We also demonstrate that TET2 associates with KLF1 during EPO-mediated activation. KLF1 is a master transcription factor that is important for the erythroid differentiation program (22, 23). We had previously shown that hydroxymethylation during erythroid differentiation occurred at KLF1 transcription factor binding sites but could not provide a mechanistic link for this observation (4). The association of KLF1 with TET2 raises the possibility that TET2 recruitment to specific cis elements in the DNA may occur via lineage-specific transcription factors. Recently published reports have shown that TET2 binds transcription factors such as early B-cell factor-1 (EBF1; ref. 24) and WT1 (25). On the basis of our data, it is possible that TET2 is recruited to KLF1 binding sites through their interaction resulting in hydroxymethylation of regulatory elements leading to the activation of a specific set of genes critical for the erythroid differentiation program (4). Furthermore, this recruitment may be enhanced or dependent on cytokine stimuli, such as EPO, because we observed enhanced interaction between TET2 and KLF1 upon EPO stimulation. These results provide evidence in support of a mechanism that is CXXC domain–independent in contrast to what has been observed for TET1 and TET3.

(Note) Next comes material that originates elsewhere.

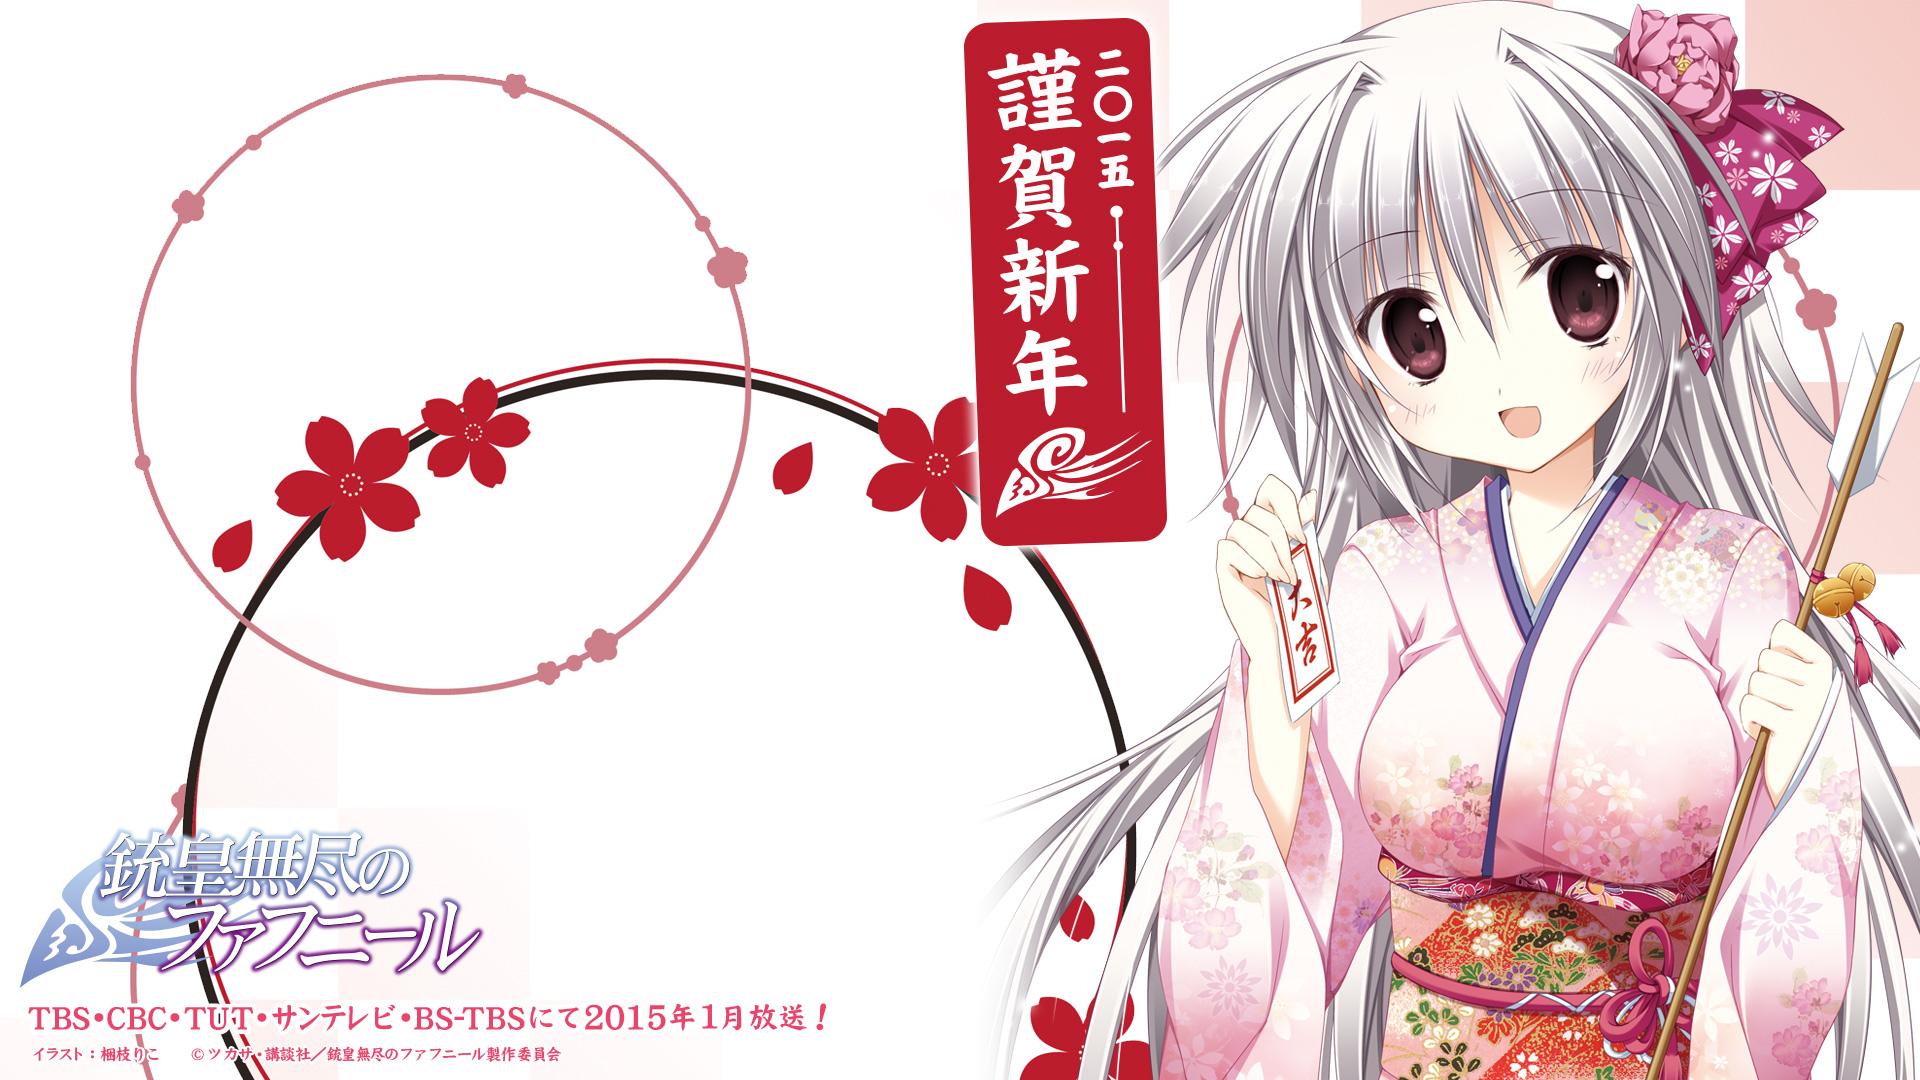 2015 New Year Greetings Anime Style haruhichan.com Juuou Mujin no Fafnir

We also demonstrate that primary samples of myeloproliferative disease with activating JAK2V617F mutations exhibit increased TET activity and increased hydroxymethylation. Especially in samples from primary myelofibrosis, we observed that in samples with JAK2V617F mutation, but without any TET2 mutations, there was significant decrease in cytosine methylation. These epigenetic and transcriptomic changes were lost in samples that contained a TET2 mutation in addition to the JAK2V617F mutation. The decreased cytosine methylation seen in samples with JAK2V617F was associated with upregulation of many oncogenic transcripts such as Meis1 and Hoxa9 that are associated with the development of myeloproliferation and myeloid malignancies (26). Furthermore, we saw a similar increase in 5-hmC in a murine model containing the Jak2V617F mutation. Thus, taken together, the JAK2V617F-mediated direct effects on TET activation lead to epigenetic and oncogenic changes that play potential roles in the pathogenesis of myeloproliferation.

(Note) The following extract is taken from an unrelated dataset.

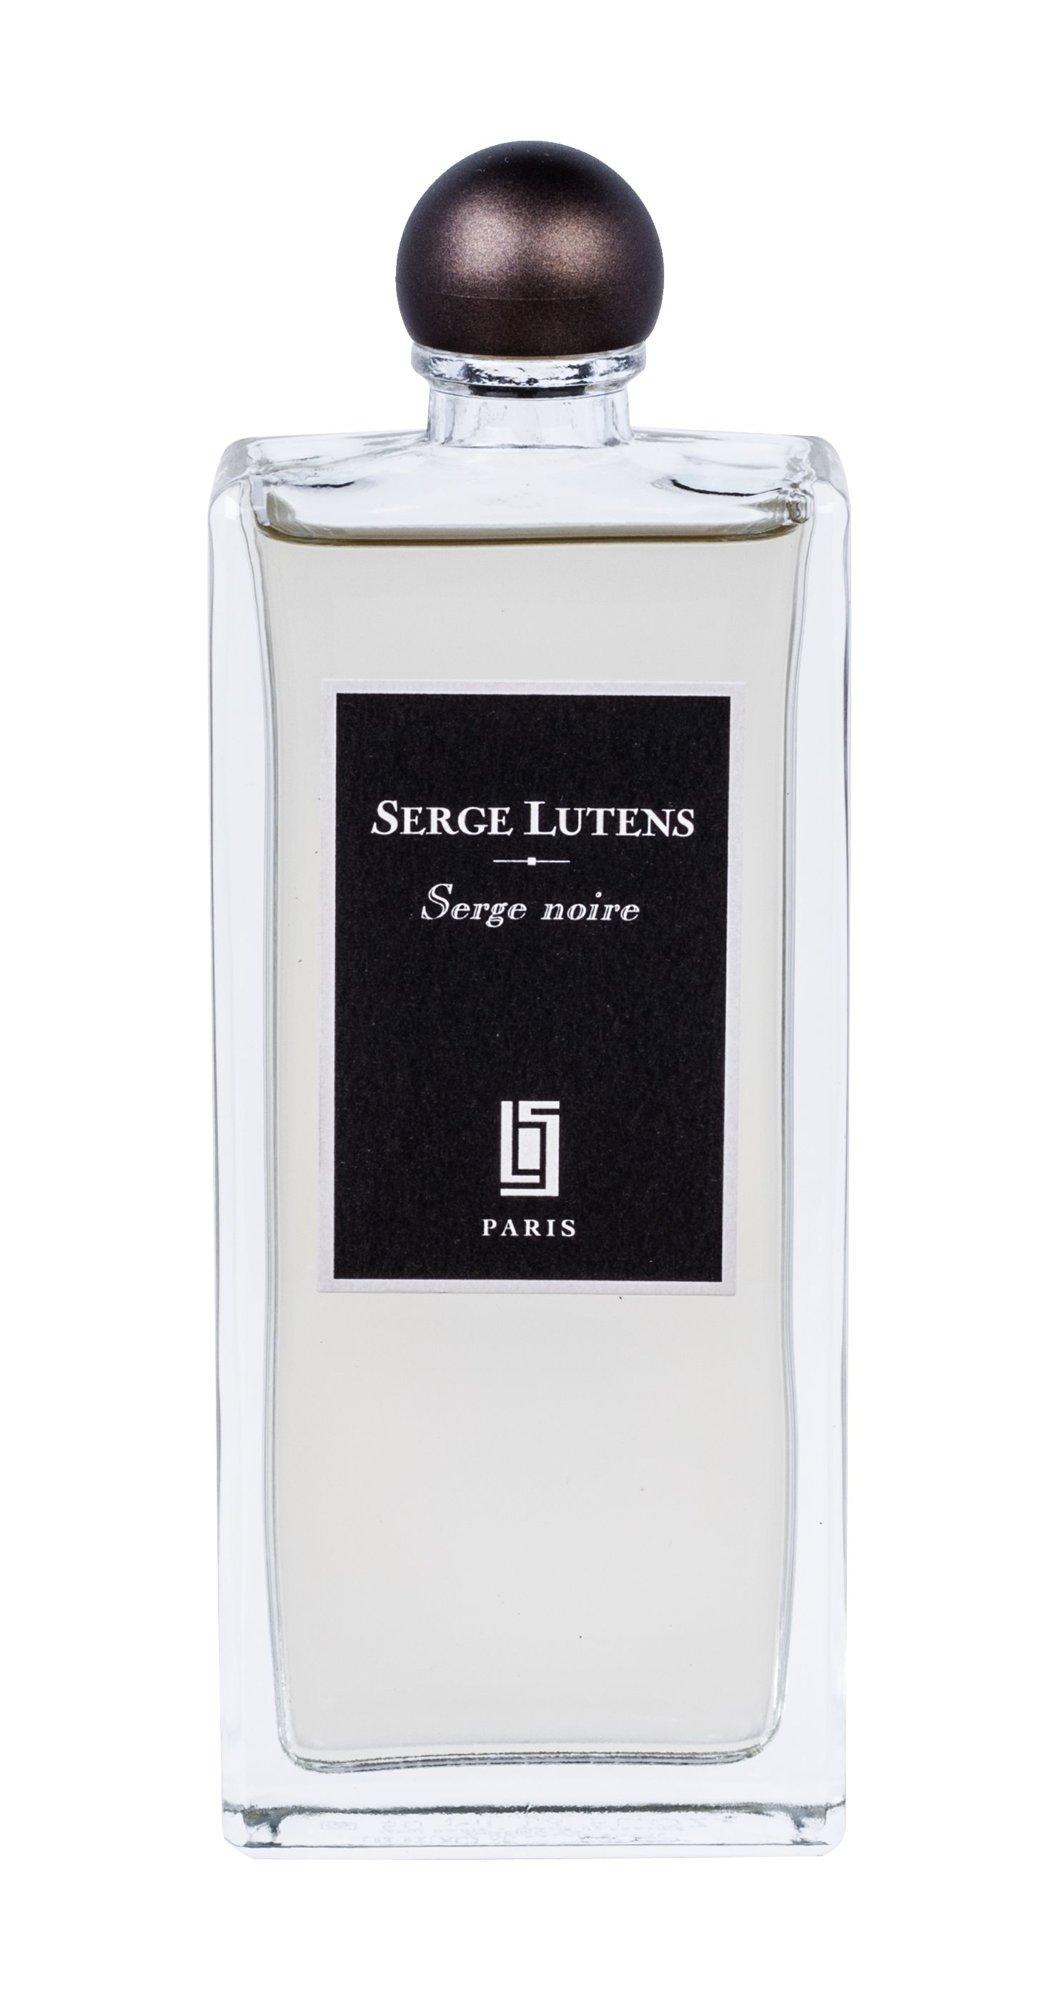 Serge Lutens Serge Noire EDP 50ml

Human Primary Cell Culture and Cell Lines

Human primary hematopoietic cells were derived from CD34+ stem/early progenitor cells purified from growth-mobilized peripheral blood (purchased from Fred Hutchinson Cancer Center, Seattle, WA) from healthy donors. Cells were purified using the CliniMACS device. In experiments where lineage noncommitted early-stage cells were used, culture conditions consisted of Iscove's modified Dulbecco's medium (IMDM), 20% human serum, 1% penicillin/streptomycin, TPO (20 ng/mL), FLT3L (20 ng/mL), recombinant human IL3 (20 ng/mL), recombinant human IL6 (20 ng/mL), and SCF (100 ng/mL). Cells were cultured for 4 days prior to being used in experiments, where TET activity and phosphorylation were determined. Cells were washed with media devoid of cytokines and incubated for 4 hours in IMDM with 1% BSA prior to stimulation with FLT3L (100 ng/mL). The UT-7 cell line was obtained from ATCC and verified by microsatellite analysis.

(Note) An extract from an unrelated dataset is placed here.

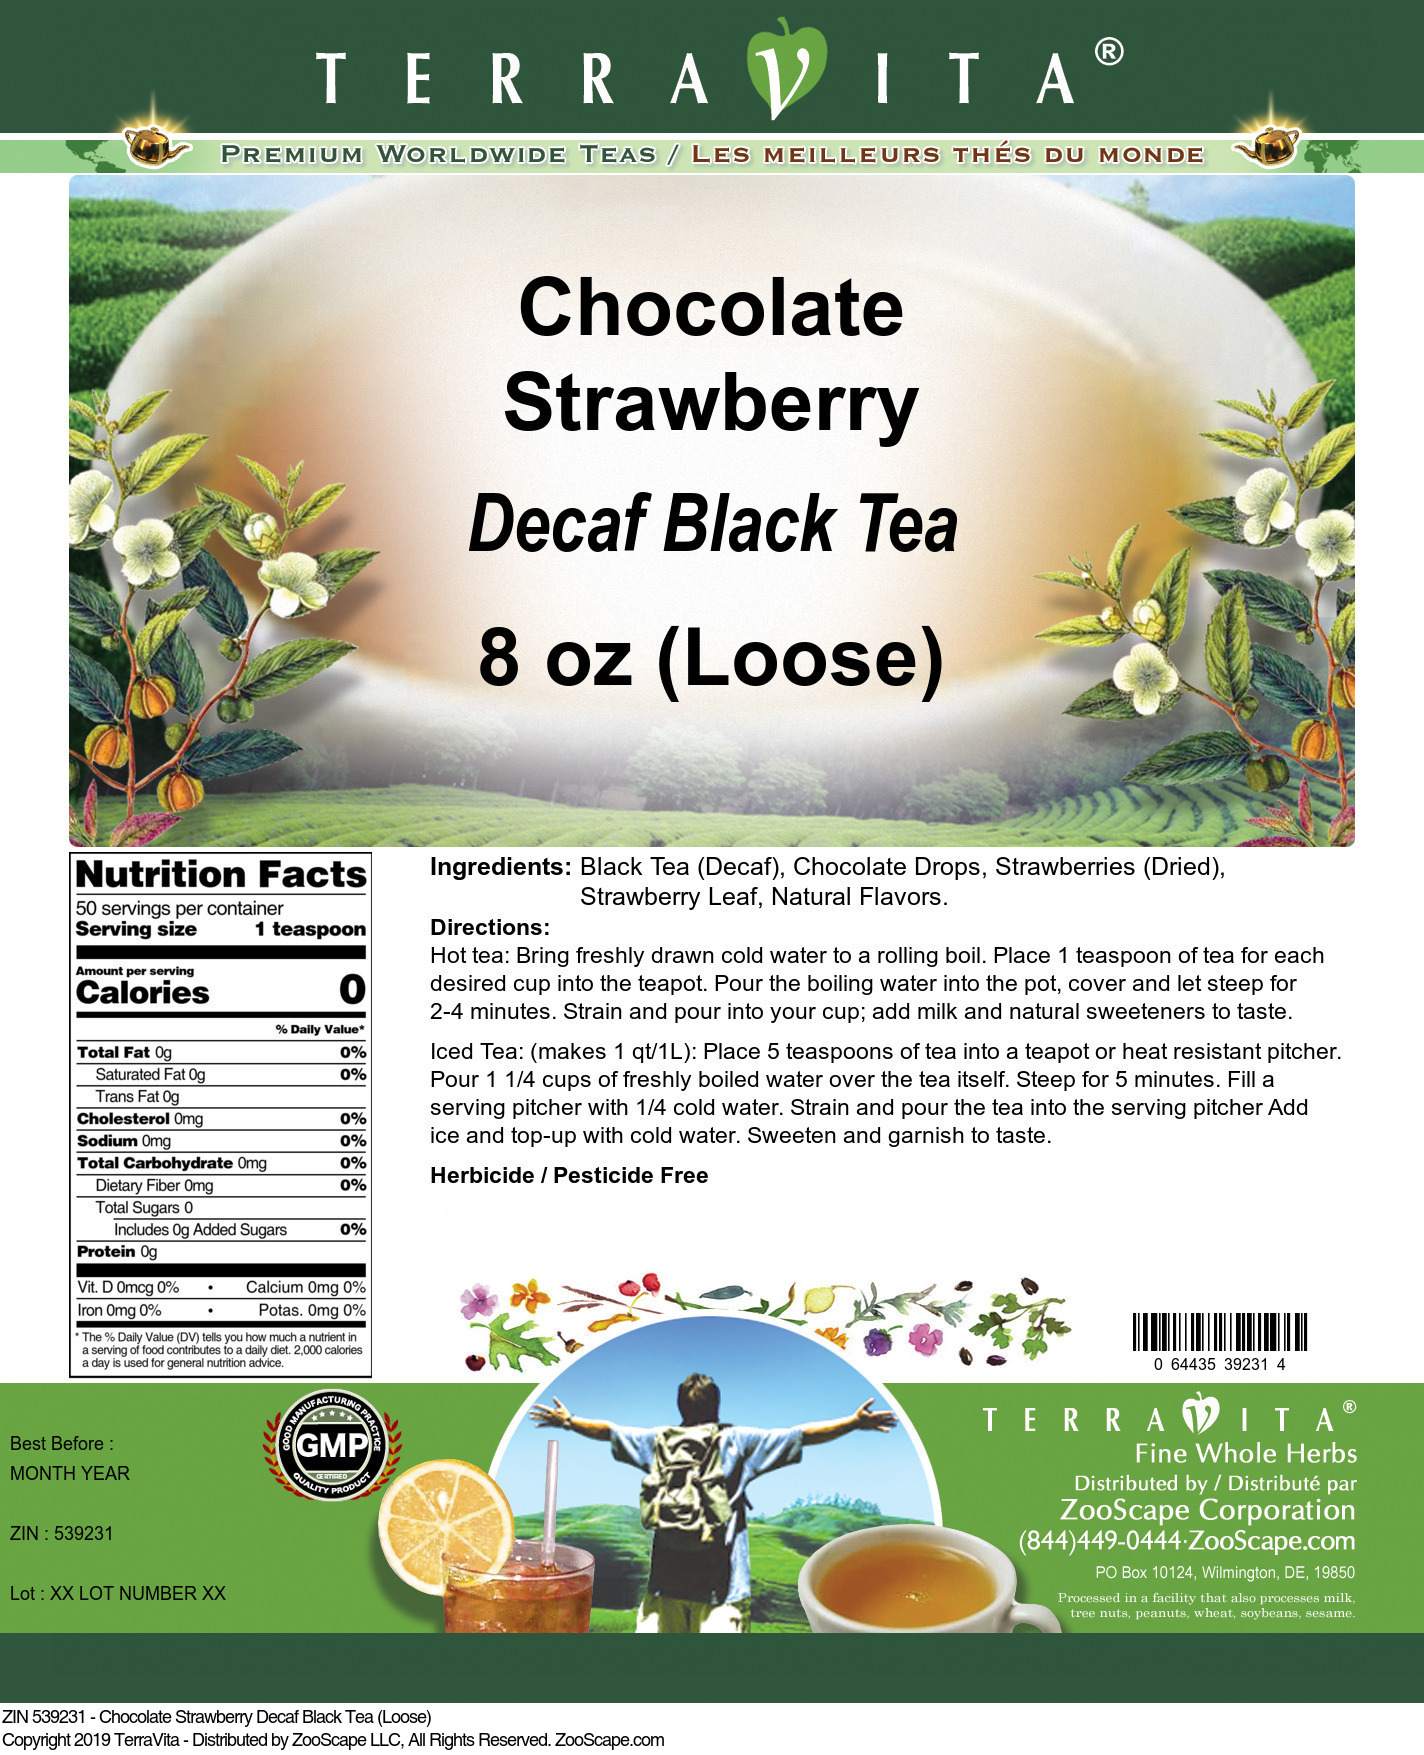 Chocolate Strawberry Decaf Black Tea (Loose)

In experiments where cells were cultured to generate erythroid progenitors, CD34+ cells (day 0) were cultured until day 6 according to methods described previously (27). Erythroid progenitors were then washed with media devoid of cytokines and incubated for 4.5 hours in IMDM with 1% BSA prior to stimulation with either EPO or SCF. In experiments where inhibitors were used, cells were exposed to the JAK2 kinase inhibitor ruxolitinib (INCB018424) at 100 nmol/L or treated with the FLT3 inhibitors sorafenib and AC2220 (10 nmol/L) prior to stimulation with cytokines. UT-7 EPO-dependent subline cells (28) were cultured in 10% FBS, IMDM, 1 U/mL EPO. In experiments where cells were deprived of EPO prior to stimulation, the time period of EPO deprivation was 18 hours followed by EPO stimulation for 30 minutes.

Determination of Total TET Activity

Total TET activity was estimated by fluorescence-based ELISA kit according to the instructions provided by the manufacturer (Epigentek). This assay involves the conversion of 5-mC substrates coated onto the microplate wells by the TET enzymes in the sample and results in the conversion of 5-mC to 5-hmC, which is then detected fluorometrically using a specific antibody against 5-hmC. Nuclear lysates were prepared using a Nuclear Extraction Kit (Novagen) and protein concentrations were measured using the Bradford assay. The amount of hydroxymethylated product in the samples was measured using a standard curve (0–2 ng) constructed using the regents provided in the ELISA, and TET activity was calculated as ng/min/mg.

Determination of Total 5-hmC Content by ELISA

The 5-hmC levels were assessed by antibody-dependent colorimetric assay using the MethylFlash Hydroxymethylated DNA Quantification Kit (Epigentek). DNA was extracted from primary erythroid progenitor cells (day 6 of culture) derived from in vitro culture of CD34+ cells purified from healthy donors used in the assay following the manufacturer's recommendation. A total of 200 ng of DNA was used in each assay. The 5-hmC content was expressed as percentages of total DNA.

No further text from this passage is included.